[OpenAFS-devel] OpenAFS, Linux and truncate_inode_pages()
chas williams - CONTRACTOR
chas@cmf.nrl.navy.mil
Wed, 01 Mar 2006 09:36:55 -0500
In message <44056FA3.9050106@pclella.cern.ch>,Rainer Toebbicke writes:
>fails in the sense that the file just copied no longer equals the
>original file, i.e. the compare fails. The data at the place where it
>starts to differ is data of the same file (or one of its other
>copies), meaning this is not a question of unallocated buffers or such.
i dont quite get what you are saying here, but it could be a problem
with the cache manager and not necessarily specific to the linux
afs client. when you get a corrupted file, is it corrupted only
on the local client or did the corrupted version get sent back
to the server?
>I already have a osi_Assert(down_trylock(&ip->i_sem) == 0) in
>osi_VM_FlushPages(). So far no smoke. Not a surprise actually.
based on some testing: osi_VM_FlushVCache() can safely take i_sem for
all cases, osi_VM_TryToSmush() already holds i_sem in all cases,
osi_VM_FlushPages can safely take i_sem for all cases, and osi_VM_Truncate
already holds i_sem for all cases.
note, that all of these are going to serialized/protected by
AFS_GLOCK (and other vnode locks). of course, this doesnt protect
against whatever the linux kernel internal might do, but generally
they do run up against AFS_GLOCk at some point.

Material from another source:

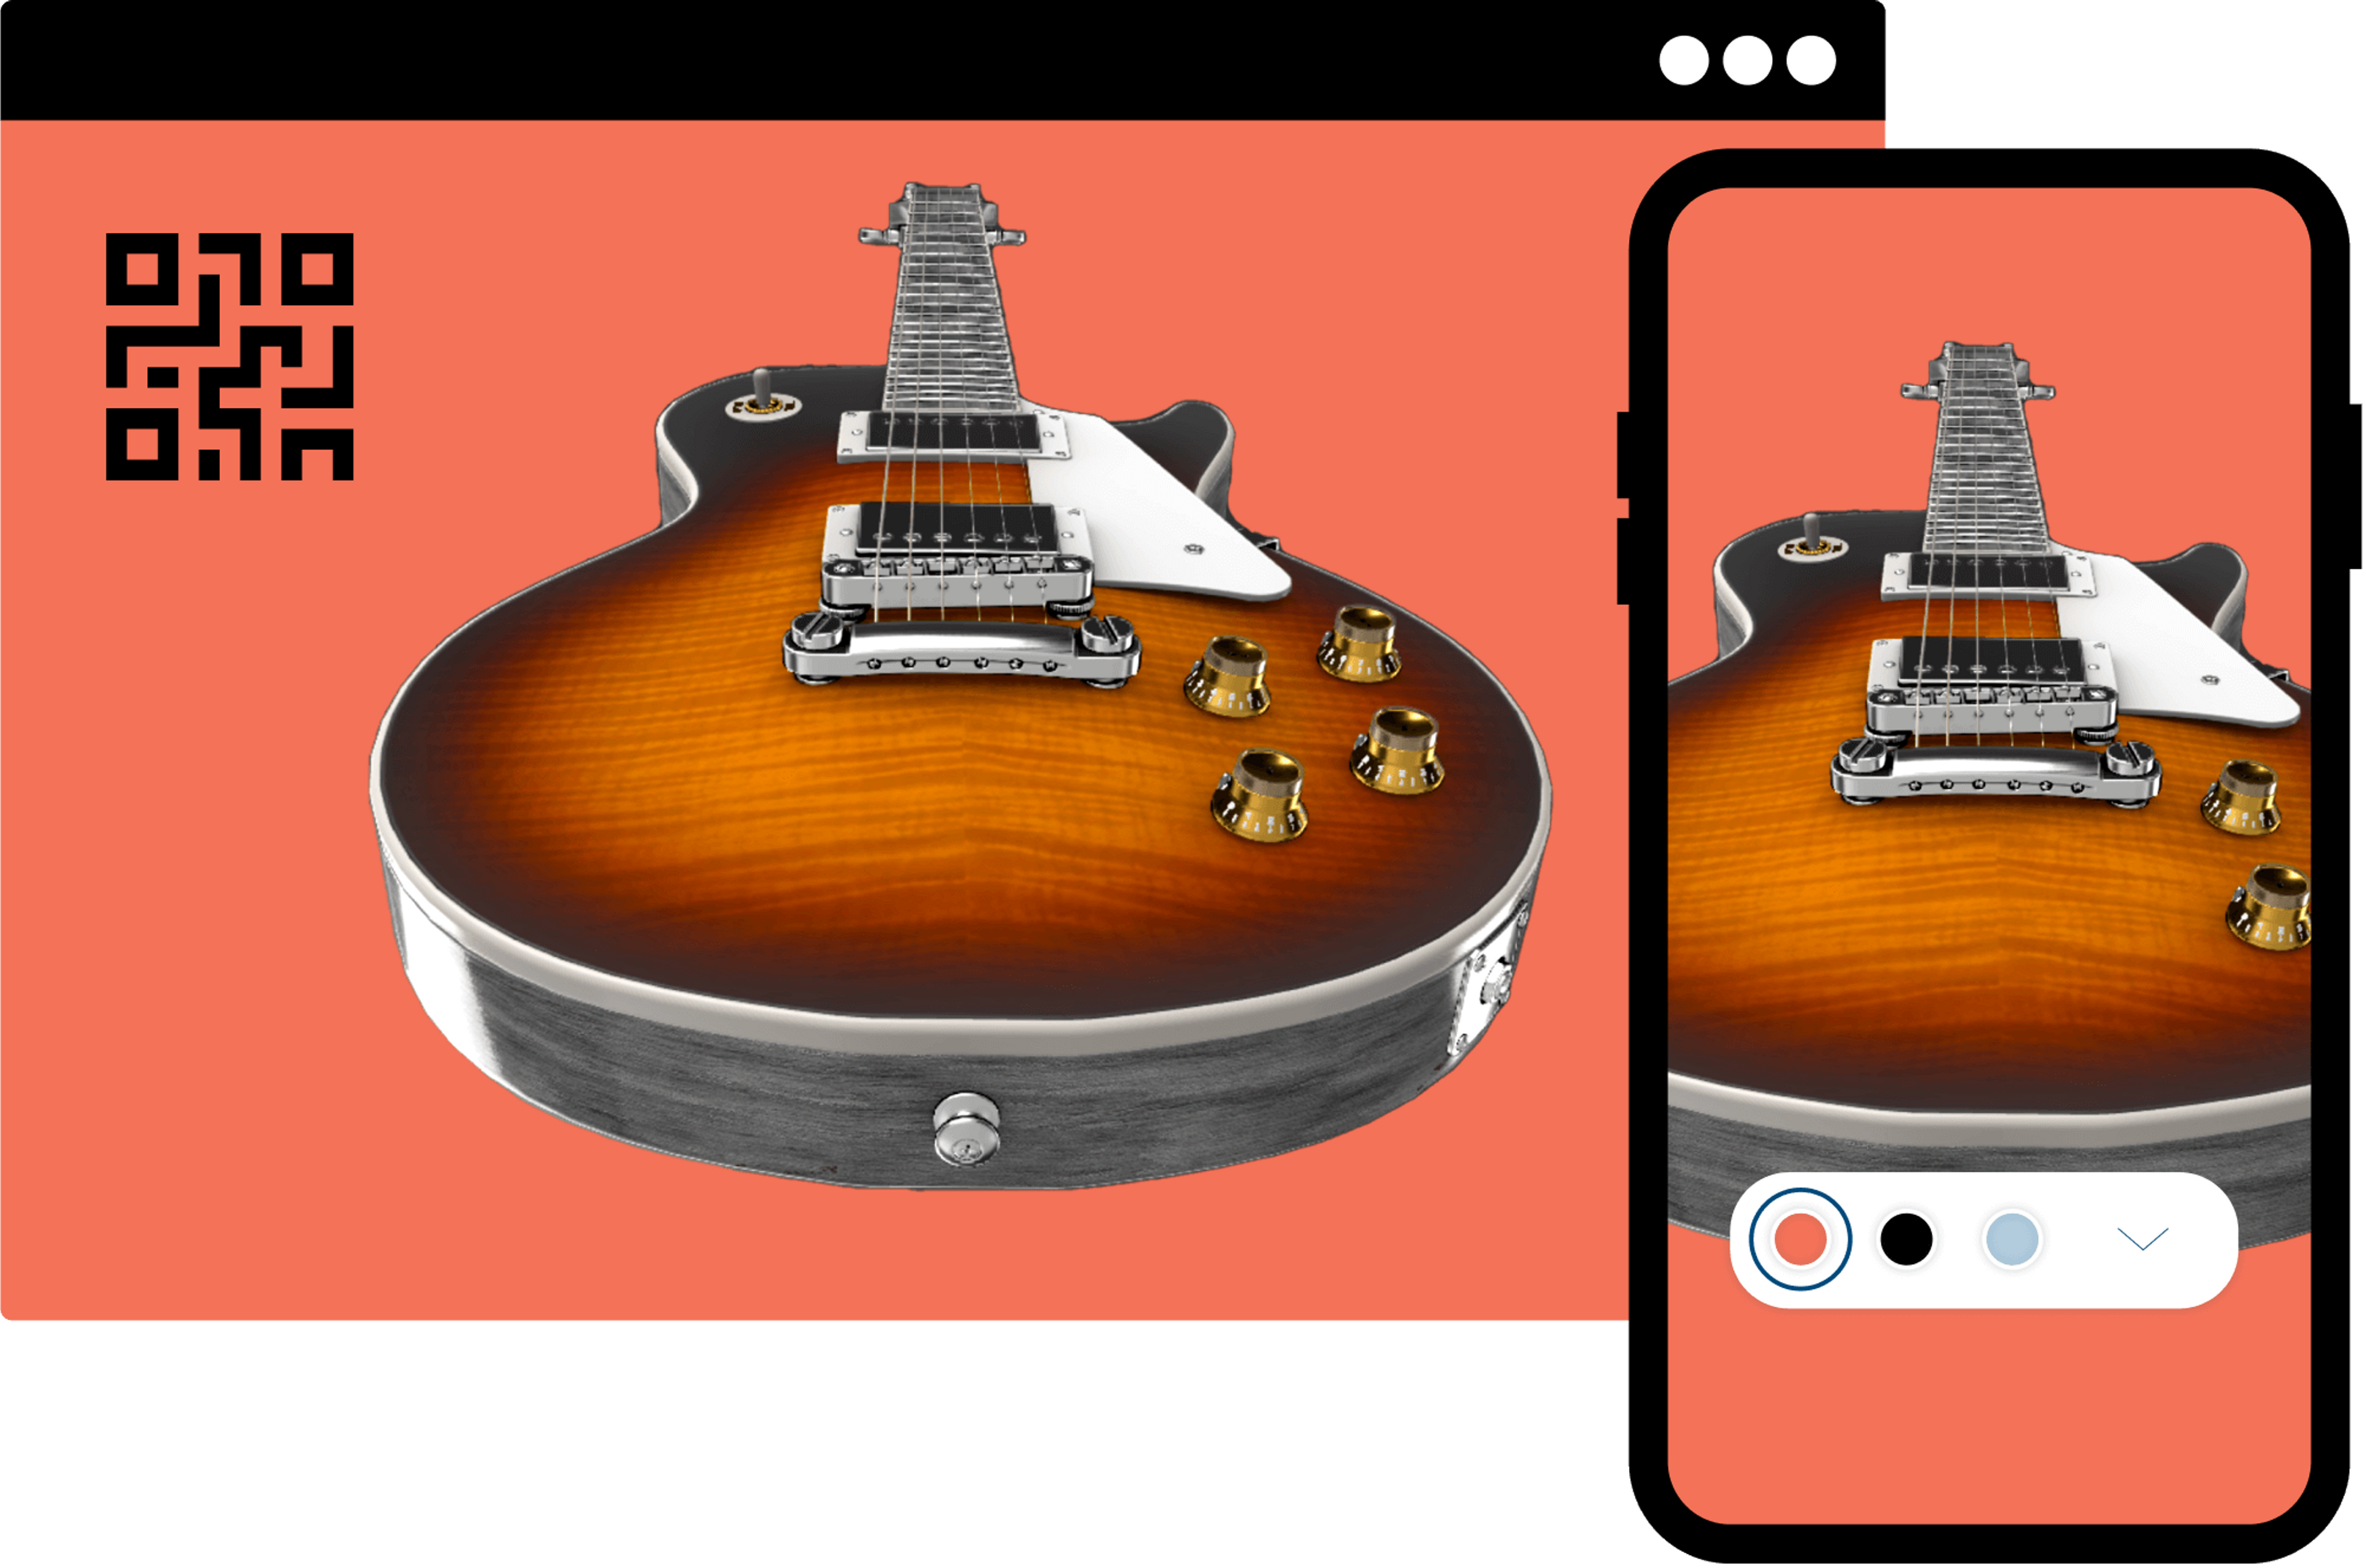 A QR code with a guitar render, overlaid on desktop and mobile

osi_VM_StoreAllSegments() does have me a bit concerned. it drops
AFS_GLOCK. further it appears to have three code paths:
i_sem was already locked
[<c0104a78>] dump_stack+0x17/0x19
[<f8d2c1e1>] osi_VM_Truncate+0x68/0x71 [libafs]
[<f8cf282f>] afs_TruncateAllSegments+0xef/0x6e2 [libafs]
[<f8cfc9a9>] afs_setattr+0x162/0x3b9 [libafs]
[<f8d2ba4a>] afs_notify_change+0x86/0x12e [libafs]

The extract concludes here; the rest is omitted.